Et puis on a franchi le cap de l'overdose : personne ne trouve anormal que cinquante jeux sortent chaque année sur un seul personnage. Je t'ai parlé de notre projet de poupée gonflable ?
- Non... mais là j'ai une idée révolutionnaire...
- On lui change la couleur de sa salopette ?
- Non parc...
- Quoi ? On le rajeunit en lui faisant un bouc et un piercing à l'arcade ?
- On met Princess Peach en avant.
- Prin... Princess quoi ?
- La blonde, là, celle qui se fait toujours enlever.
- Et cette fois, elle partirait avec un plombier polonais ?
- Non. Elle serait l'héroïne.
- ... Mais... pourquoi ?
- Efficacité. Rentabilité. Conquête du créneau féminin. Esthétique kawaï. Progression du marché de la DS.
- Vu comme ça, d'accord, mais ça ne risque pas de faire un peu gadget ? On a déjà fait le coup aux gamers avec Luigi comme héros et ils ont bien compris que question gameplay, remplacer Mario n'apporte rien.
- C'est là que mon idée devient géniale. Princess Peach serait dominée par ses émotions, et en touchant l'écran tactile, on pourrait lui débloquer de supers pouvoirs. La joie pour voler, la colère pour brûler comme dans Dragon Ball, les larmes pour pleurer, et le calme pour se régénérer. Pour le reste, on ne change rien : jeu de plate-forme, Bowser comme méchant, et des Koopas dans tous les sens.
- Mais les nanas ne risquent pas de gueuler si on leur sert une héroïne dont le pouvoir est de pleurer ?
- C'est là que mon scénario rattrape le coup. Bowser aurait volé un sceptre des émotions et aurait rendu tout le monde cyclothymique - méchants comme gentils, tous super gais, ou super énervés, ou en larmes. Bowser enlève Mario, et quand Peach rentre de son shopping, elle s'aperçoit du drame et part à sa recherche. Inversion du scénario classique. Grandiose coup de buzz.
- Et ça ne va pas se voir que Princess Peach sera hystérique même sans avoir été touchée par le sceptre des émotions ?
- Ne vous inquiétez pas, patron, les journalistes seront tellement scotchés par le scénario-événement qu'ils ne poseront pas de question. Quelques féministes brûleront peut-être un pad ou deux, mais ça nous fera de la pub. Le principal atout de mon idée, c'est que côté marketing on n'aura besoin d'aucun budget.
- Ah, ouais, sympa.
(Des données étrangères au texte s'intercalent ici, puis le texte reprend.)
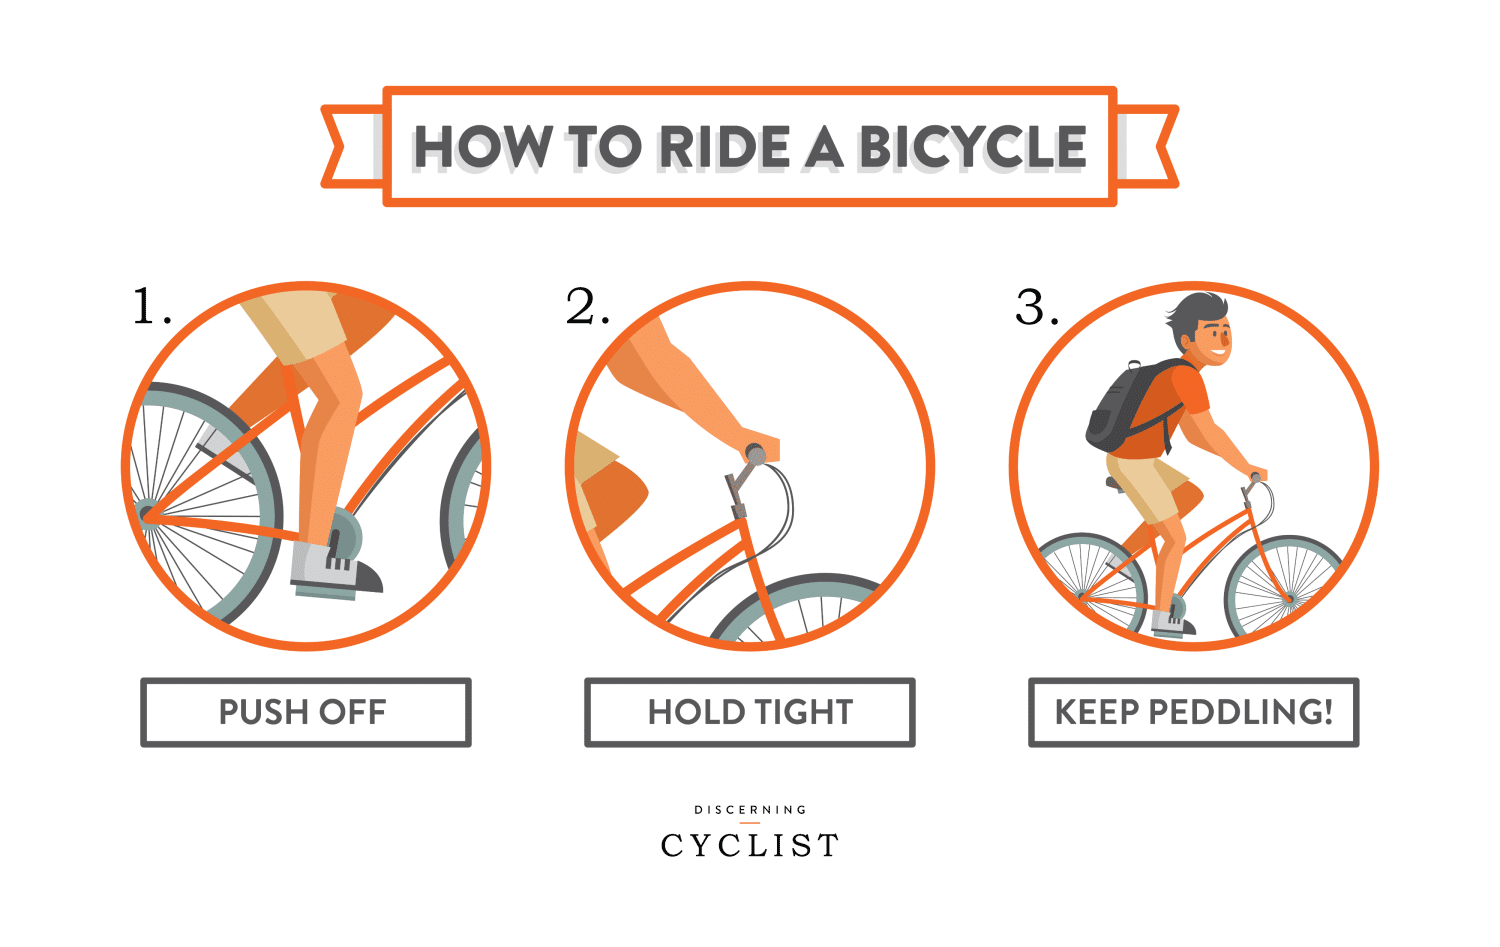 How to Ride a Bike. To Ride перевод. Push Bicycle. Ride a Bike перевод на русский.

Mais en développement, s'il faut faire du tactile, ça va demander un gros effort ?
- Bof, Super Princess Peach, ce serait avant tout une vitrine de l'univers Mario.
- Tu penses qu'on pourrait refourguer les stages habituels, avec le désert, le château hanté, le glacier ?
- Oui, sans souci. On ressort les vieux graphismes, la 2D, une prise en main ultrasimple et efficace, huit niveaux que n'importe quel mongol pliera en huit heures, quelques mini-jeux, le tout vendu 40 euros, et avec l'argent vous vous payez une nouvelle villa de 30 000 mètres carrés. Vous savez bien que les hardcore gamers préfèrent croire qu'on a un univers plutôt qu'on manque d'imagination. Les fans de oldies suivront de toute façon. Et les jeunes y verront un bon moyen de se raccrocher à l'histoire du jeu vidéo. Avec Super Princess Peach, on gagne sur tous les tableaux.
- Pas mal. Tu sais que tu me plais, toi ?
- Patron, je...
- Non, ne dis rien. La poupée gonflable Mario, je l'ai sur moi. Tu veux la tester en exclusivité ?
- Je...
- Teste-la. Maintenant.
- Patron, je voudrais une augmentation.
- Tu sens comme sa moustache est souple ? C'est du nylon. Parce que la qualité Mario, c'est Super Princess Peach, mais c'est aussi une bonne moustache bien virile, quand il le faut.
L'enregistrement s'arrête ici. Notre informateur est encore en thérapie au jour d'aujourd'hui. Un autre brave est tombé, au nom du journalisme total.